--- Information shown Enclosed Below ---

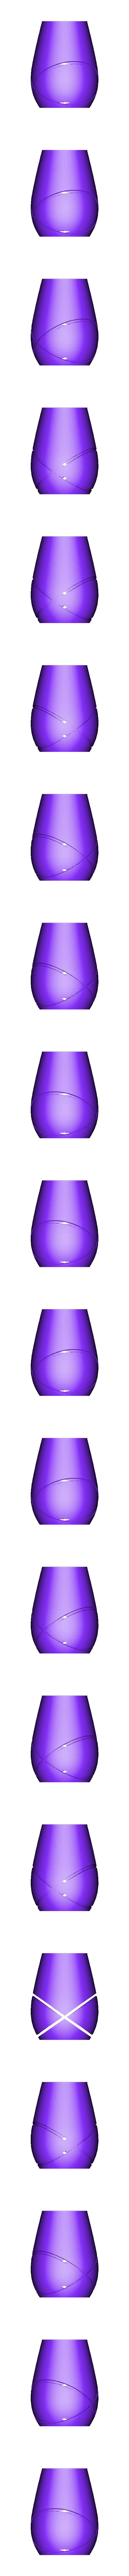 lamp_dual_extruder_v2_part_1.stl Download free STL file Kerosene lamp • 3D printer design, poblocki1982
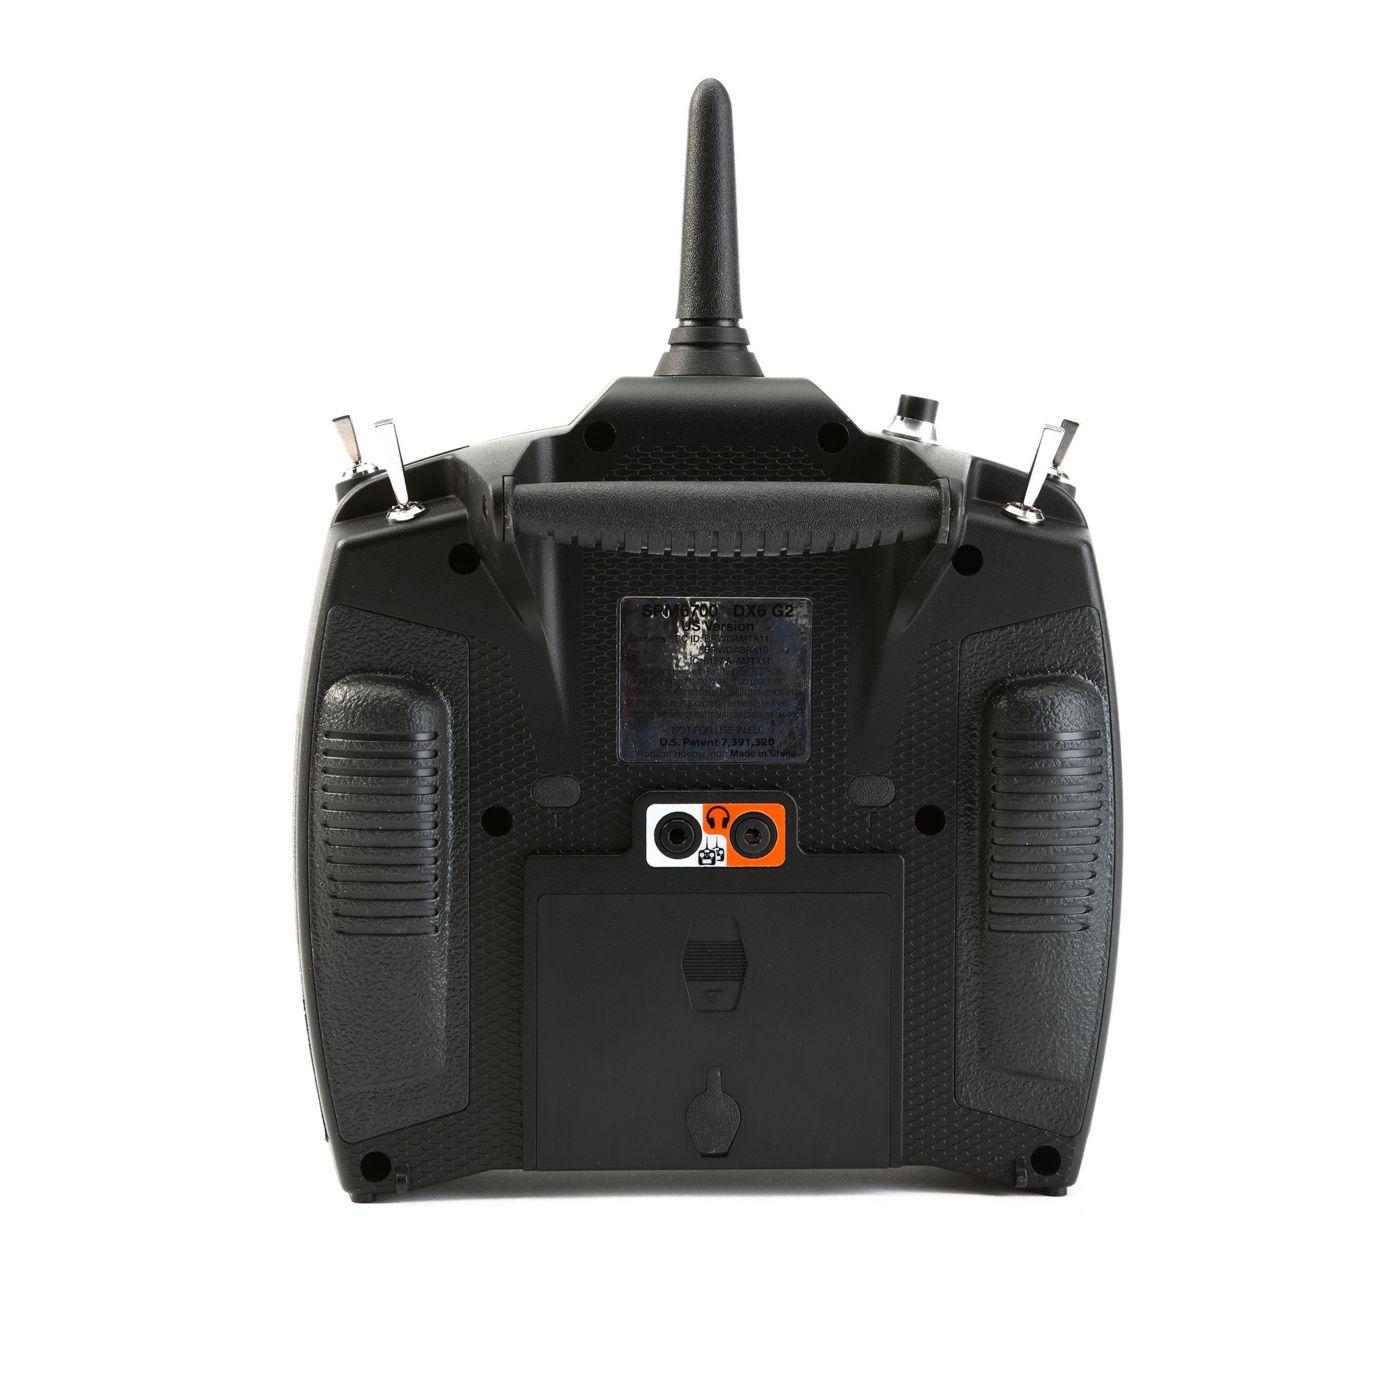 DX6 6-Channel DSMX Transmitter Gen 3 with AR6600T Receiver
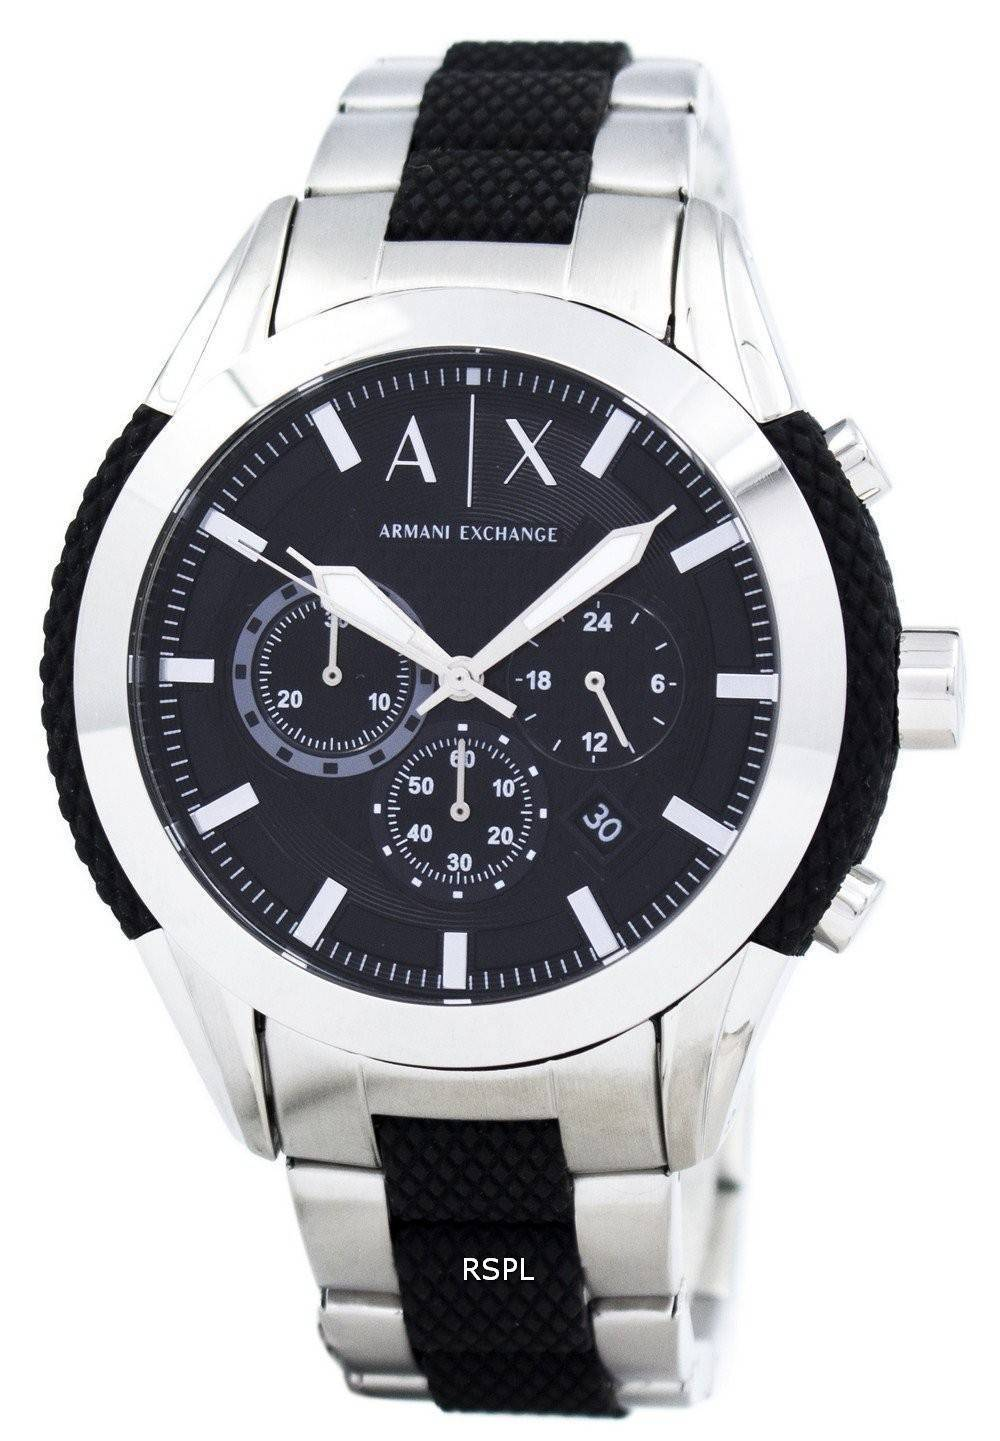 8fd5c3eede Armani Exchange chronographe cadran noir AX1214 montre homme France
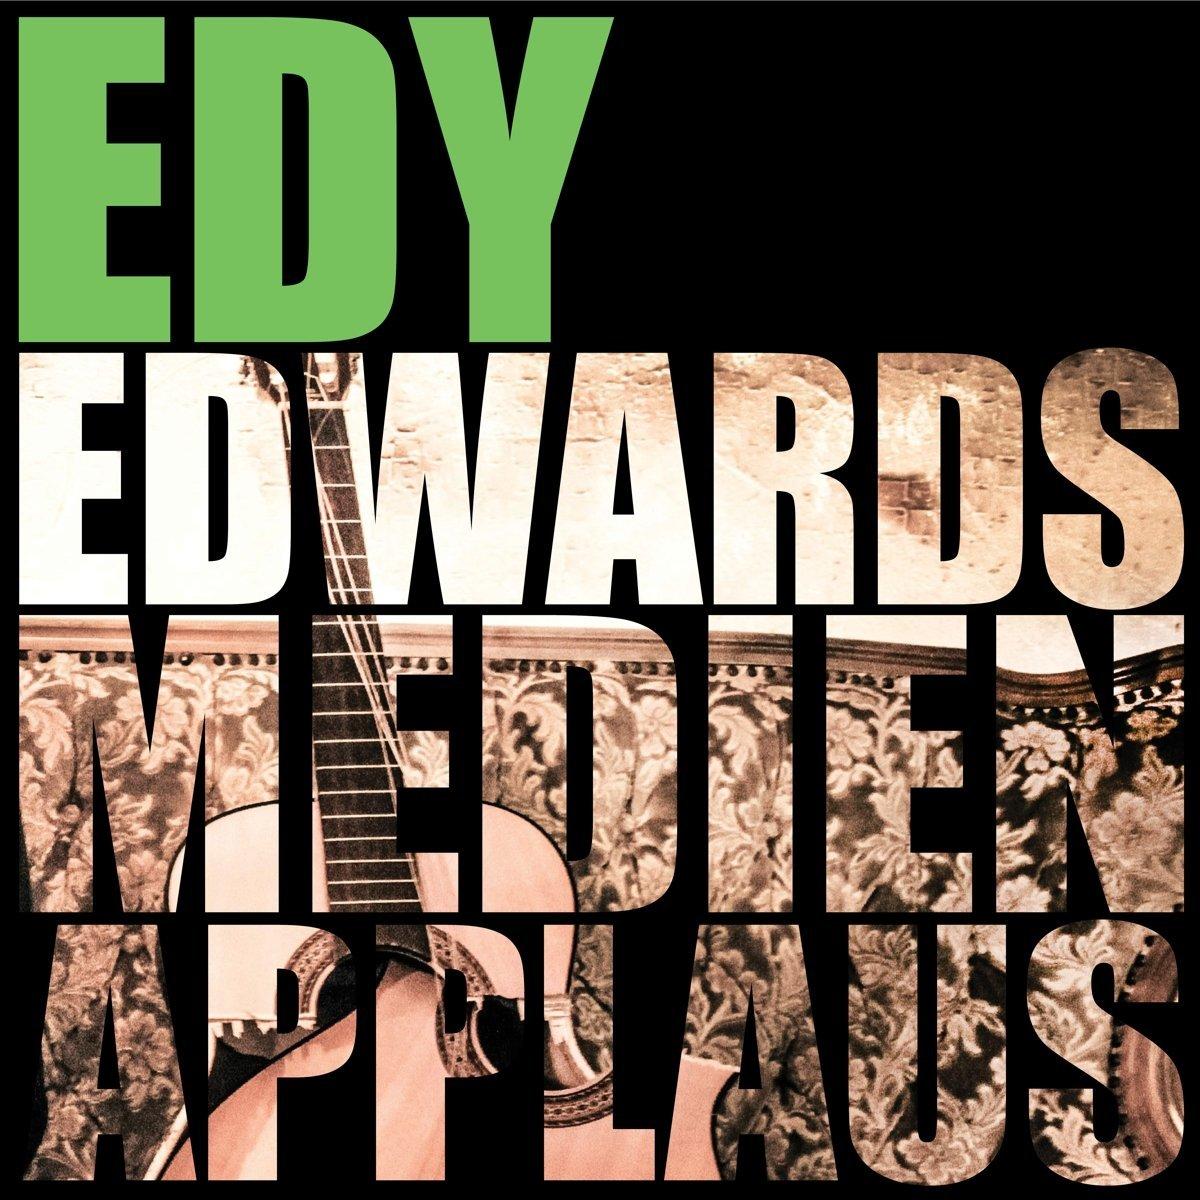 Edy Edwards: Medienapplaus [CD]
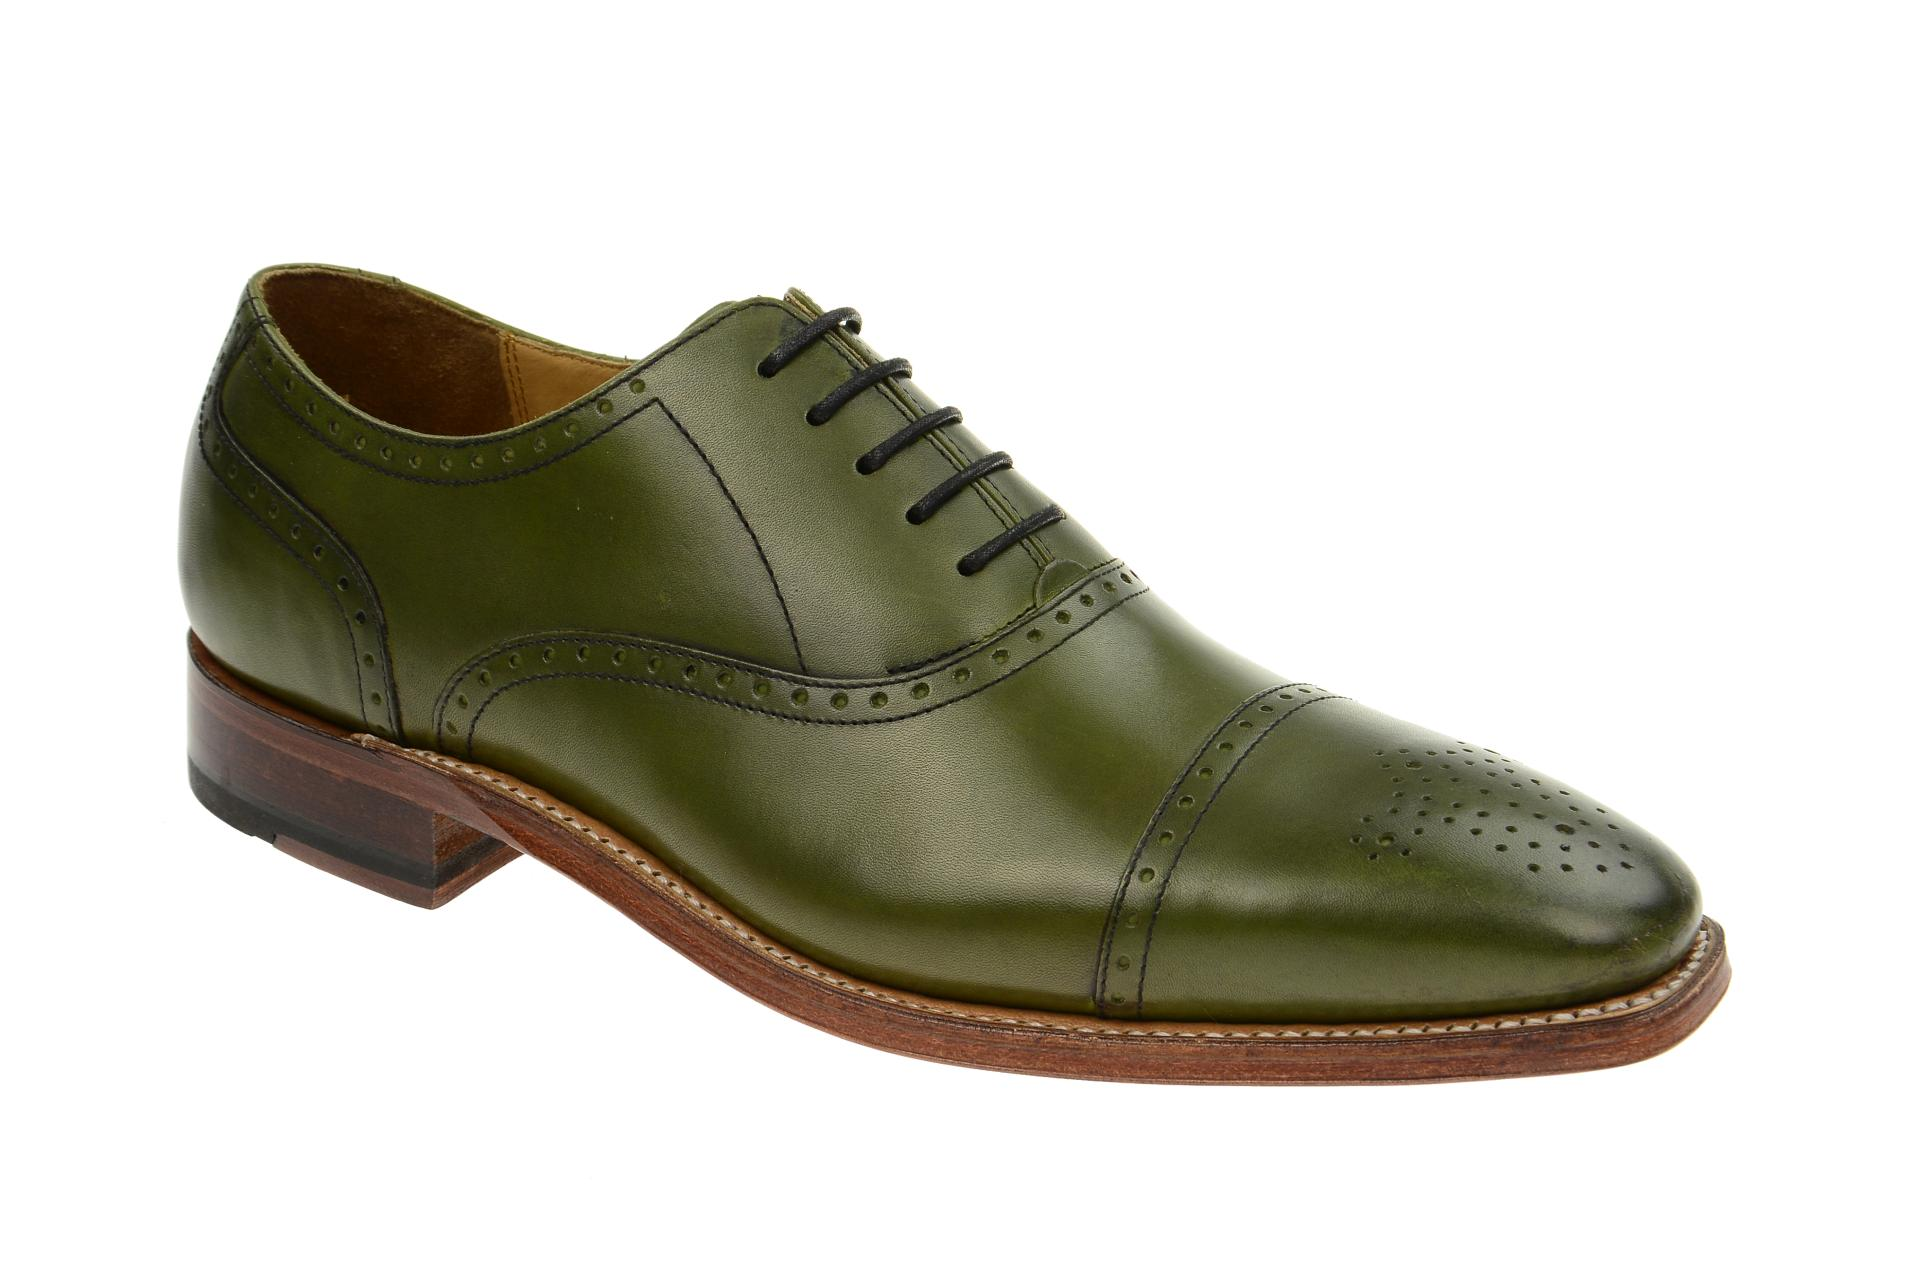 Gordon & Bros. Schuhe 2830 Lucquin grün Rahmengenäht :: Grün - 41 - Männlich - Erwachsene

--- End of Enclosed Information shown ---

Assignment:
Could you please write out exactly the lines from the start of the entries above through the line that holds "8fd5c3eede Armani Exchange", both included, with no pictures?

Result of this exercise:
 lamp_dual_extruder_v2_part_1.stl Download free STL file Kerosene lamp • 3D printer design, poblocki1982
 DX6 6-Channel DSMX Transmitter Gen 3 with AR6600T Receiver
 8fd5c3eede Armani Exchange chronographe cadran noir AX1214 montre homme France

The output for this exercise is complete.